Stored data:
☆ ☆ ☆ ☆ ☆ ☆ ☆

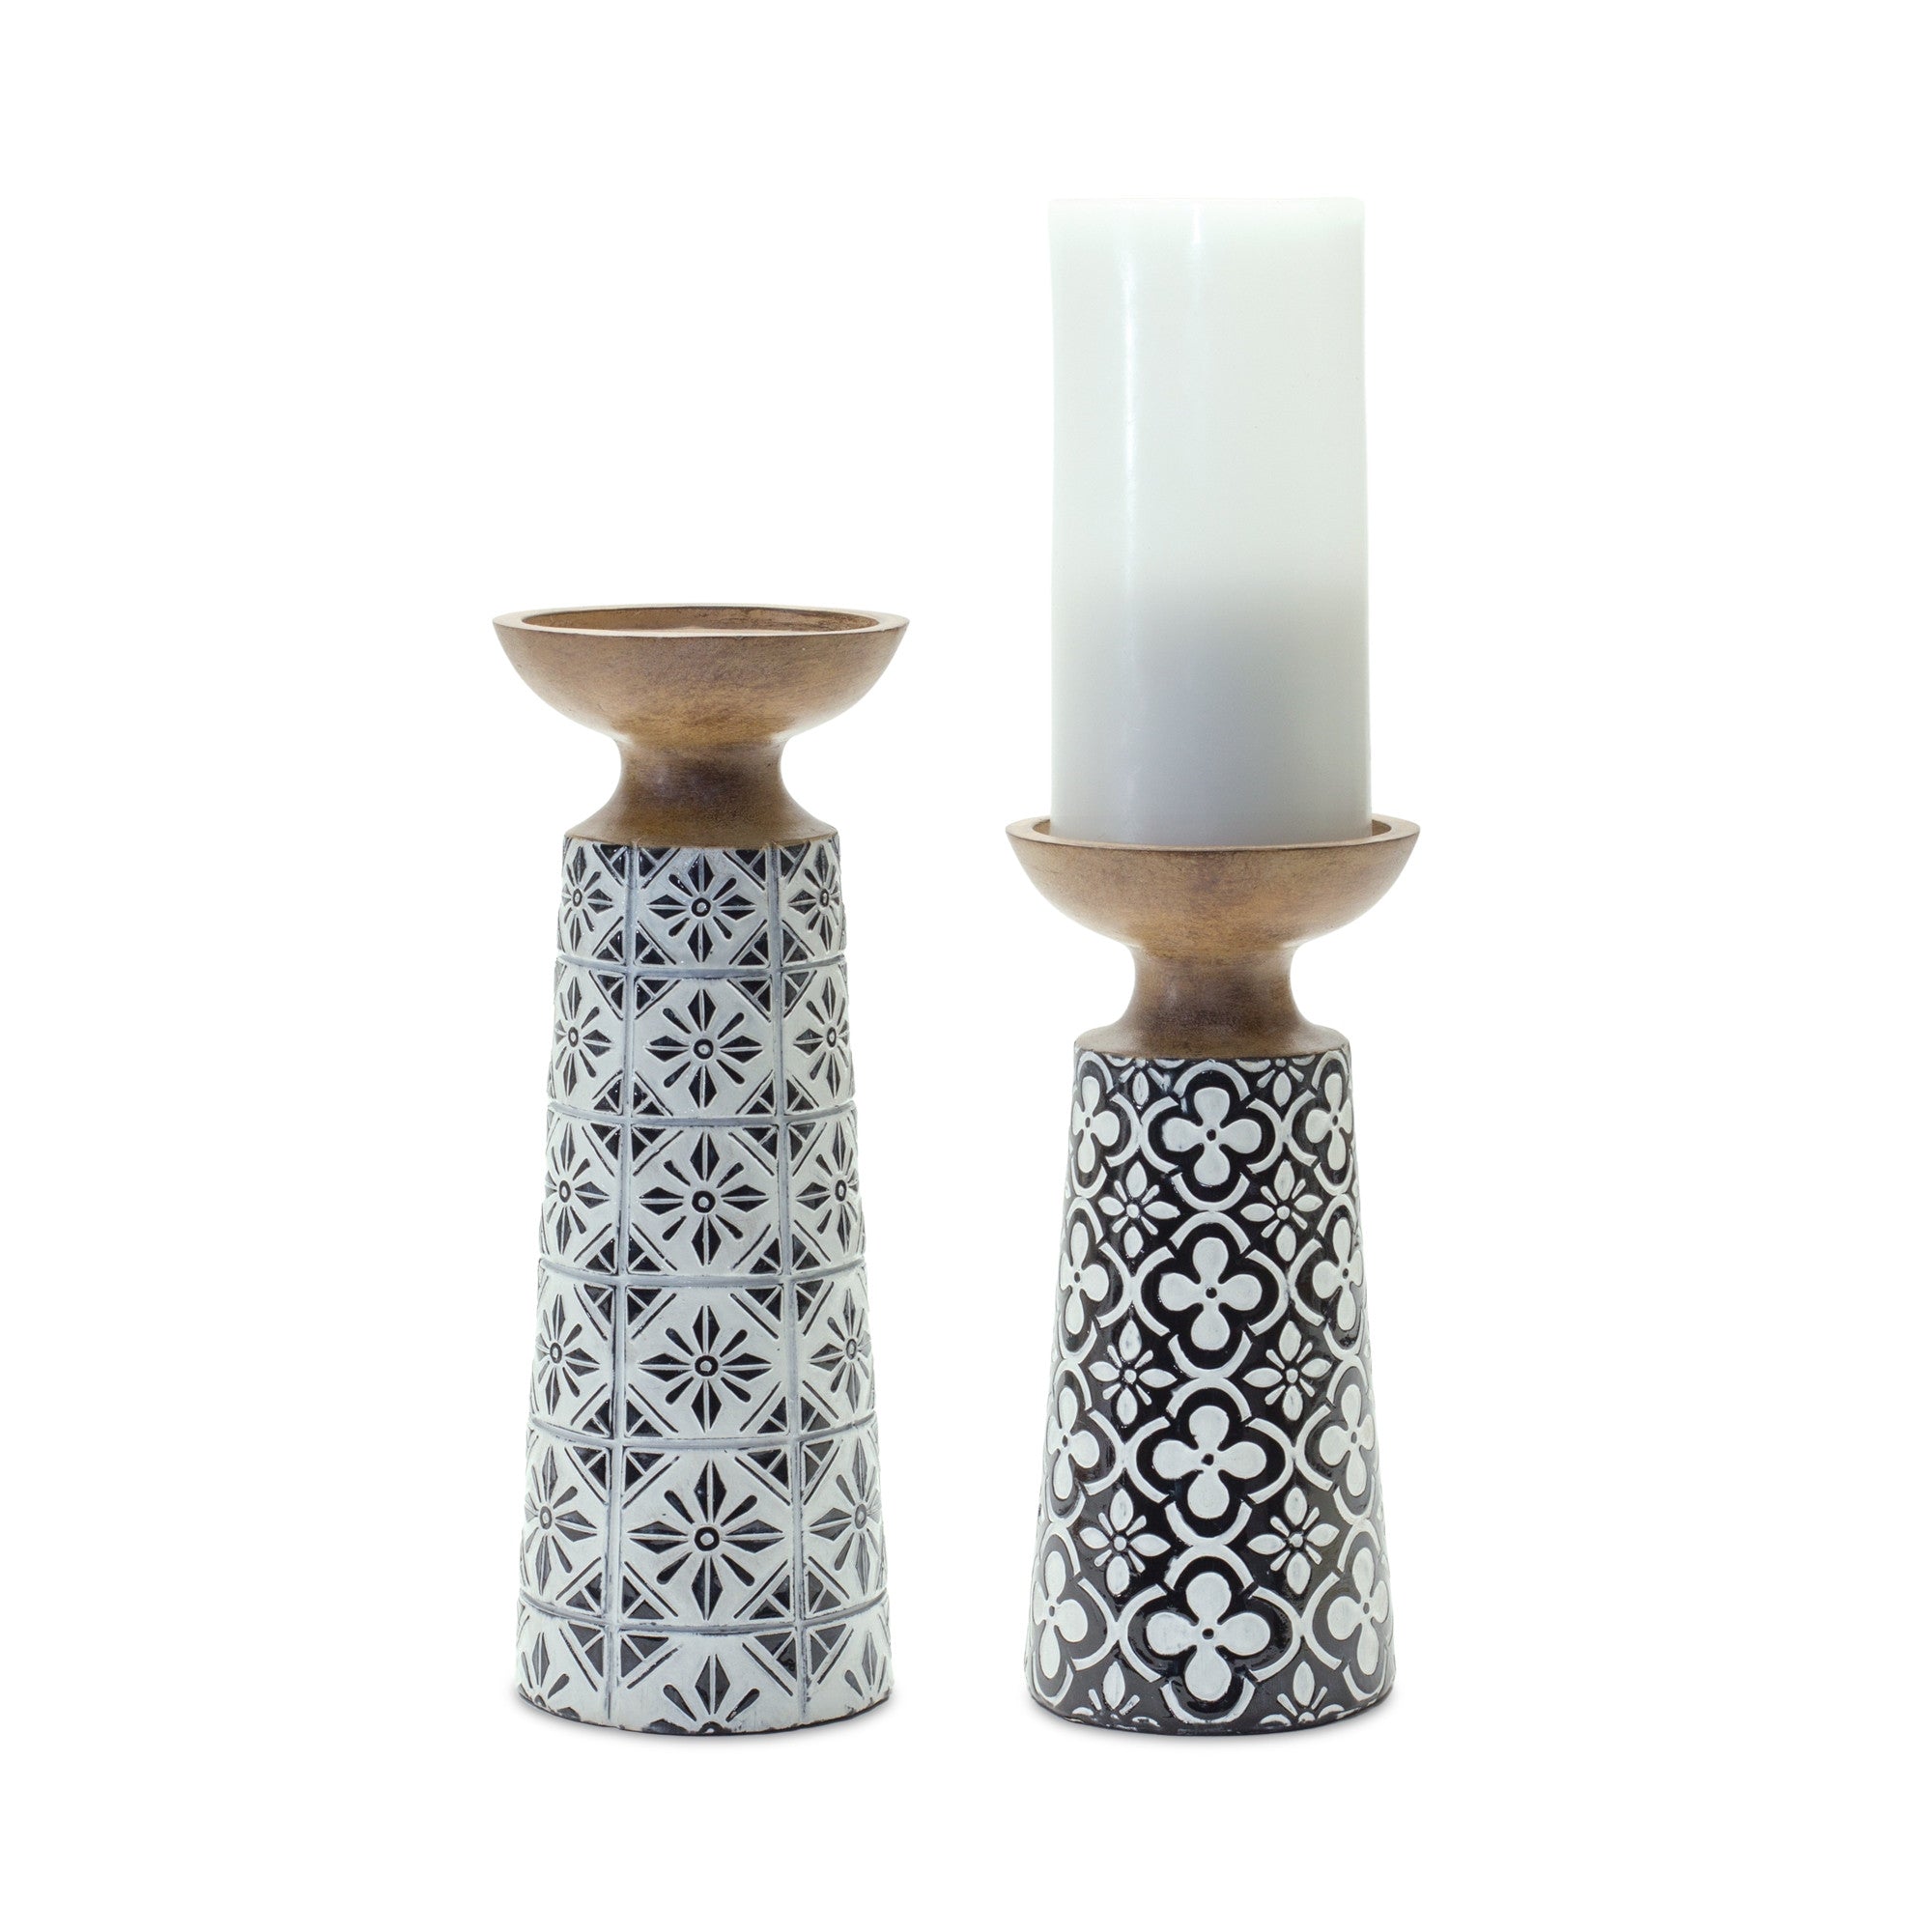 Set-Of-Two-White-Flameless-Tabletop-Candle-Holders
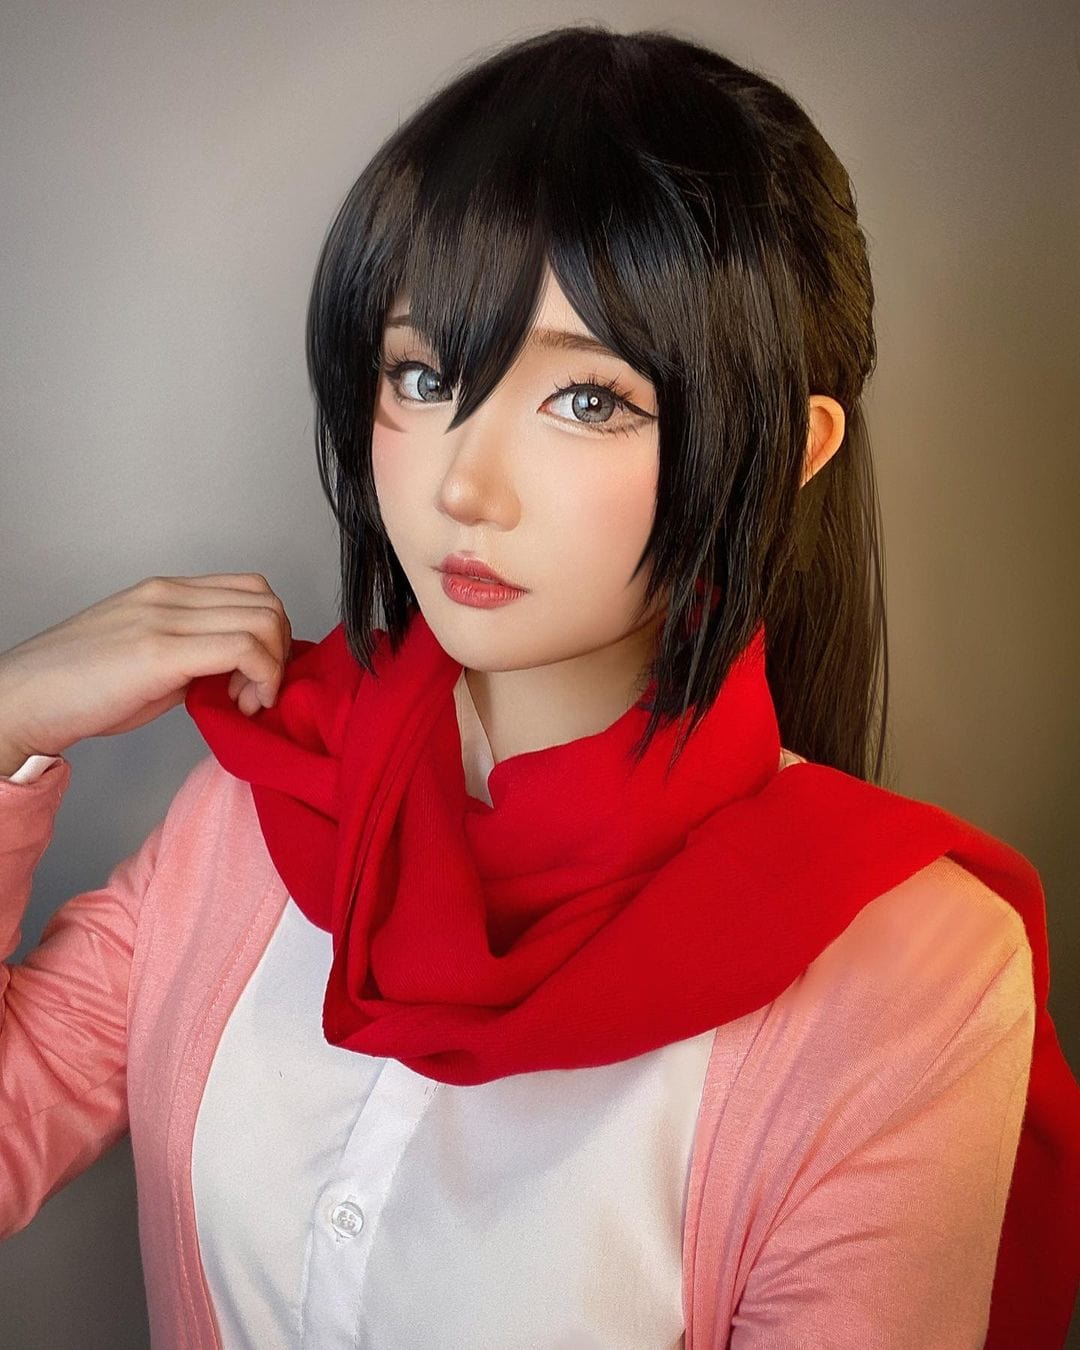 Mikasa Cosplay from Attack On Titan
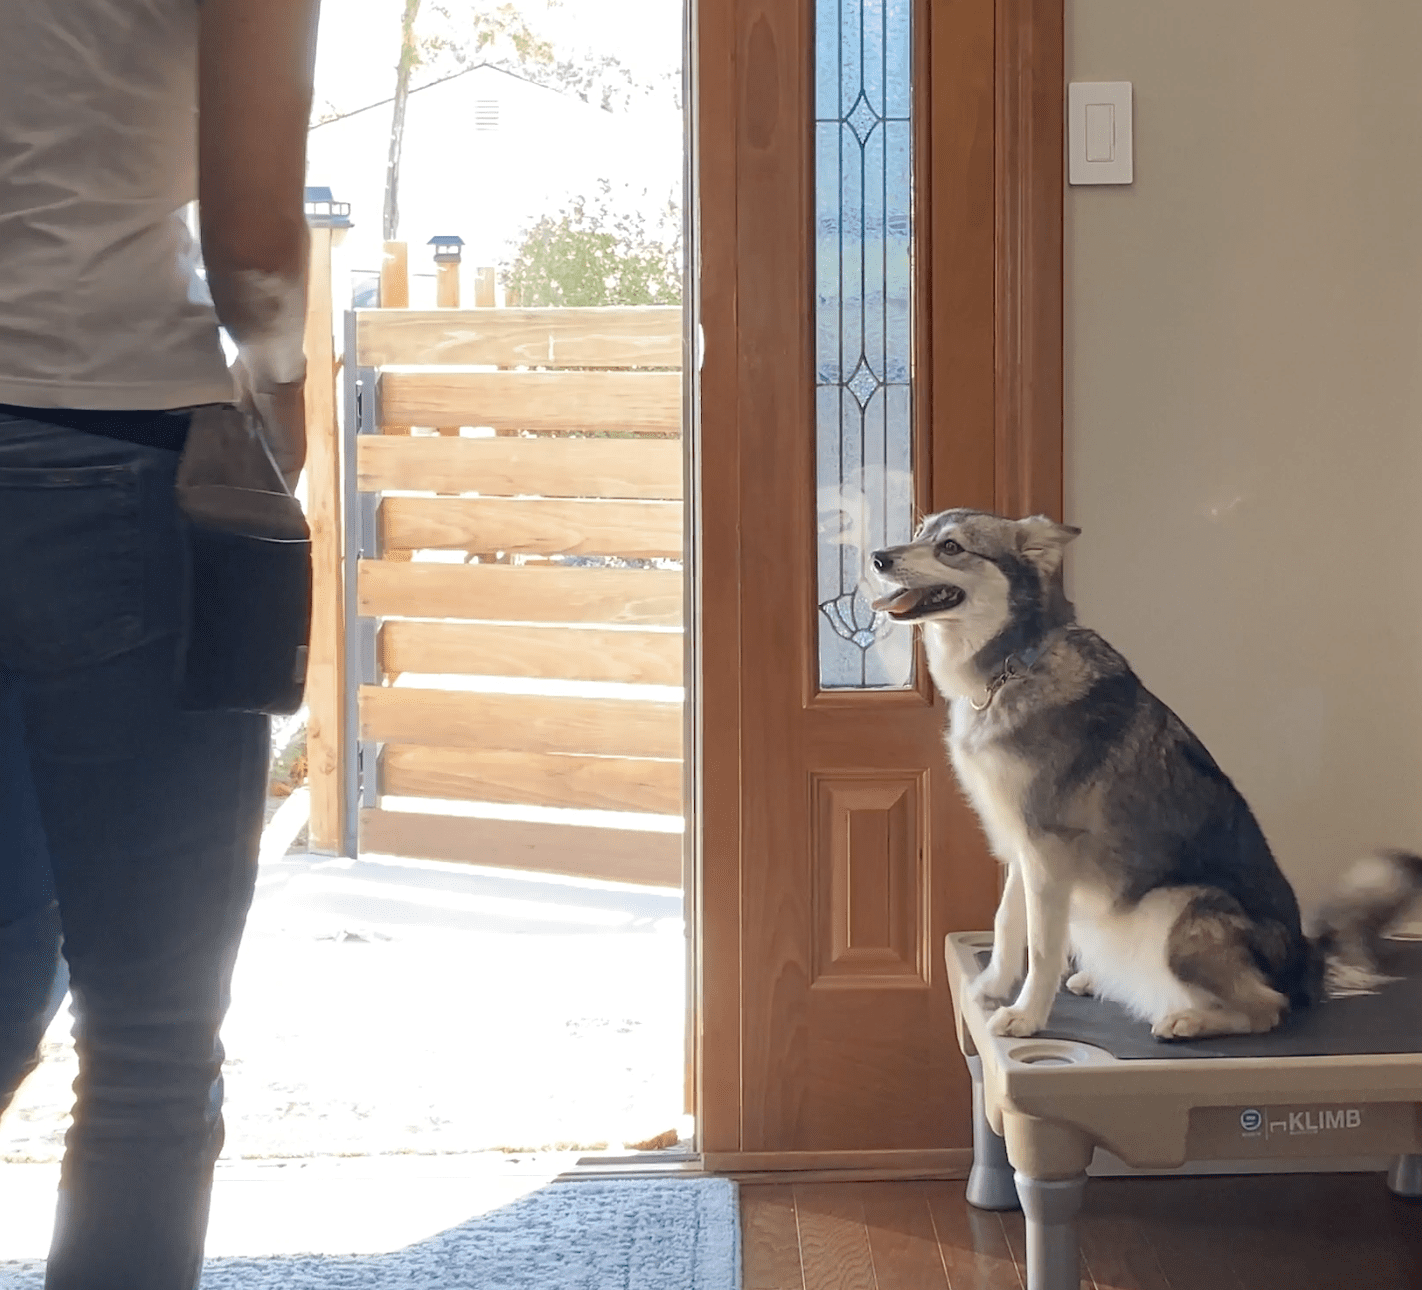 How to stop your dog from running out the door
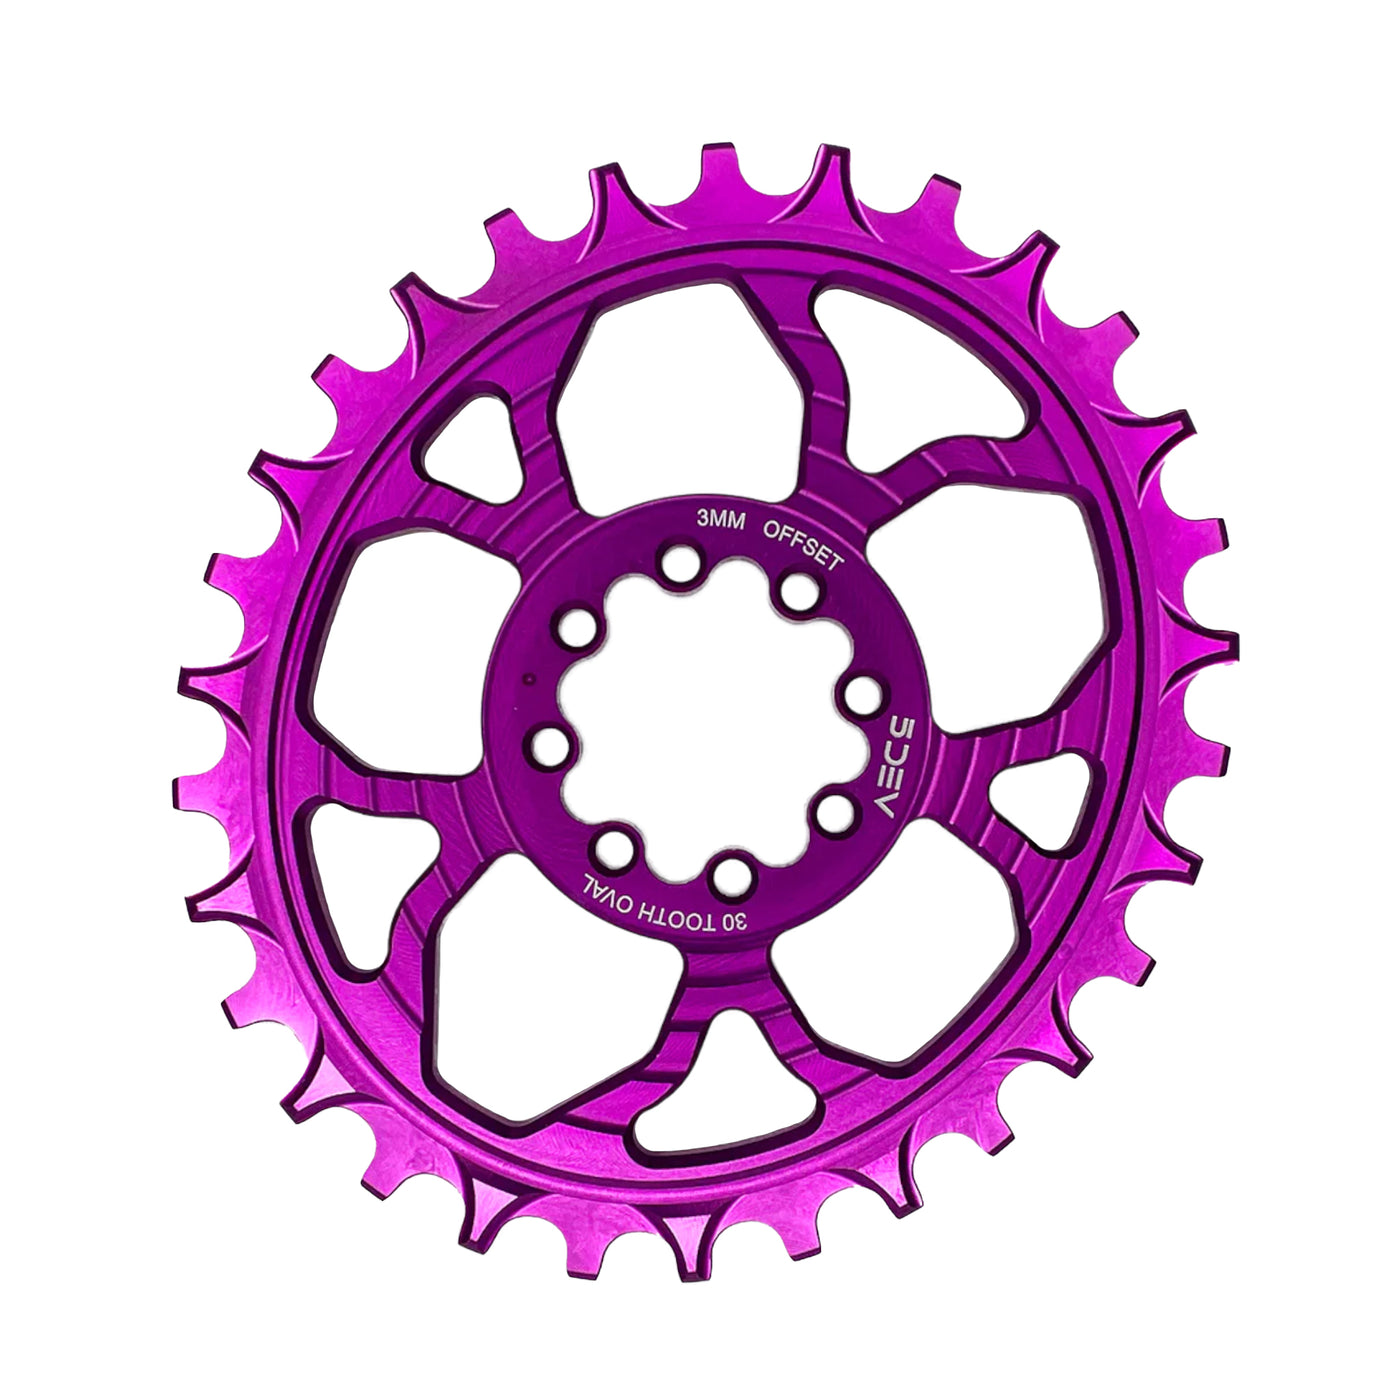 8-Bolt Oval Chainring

☆ ☆ ☆ ☆ ☆ ☆ ☆

Task item: Pictures stay out of the answer; the rest of the listing above is returned exactly.

The answer:
 Set-Of-Two-White-Flameless-Tabletop-Candle-Holders
 Mikasa Cosplay from Attack On Titan
 How to stop your dog from running out the door
 8-Bolt Oval Chainring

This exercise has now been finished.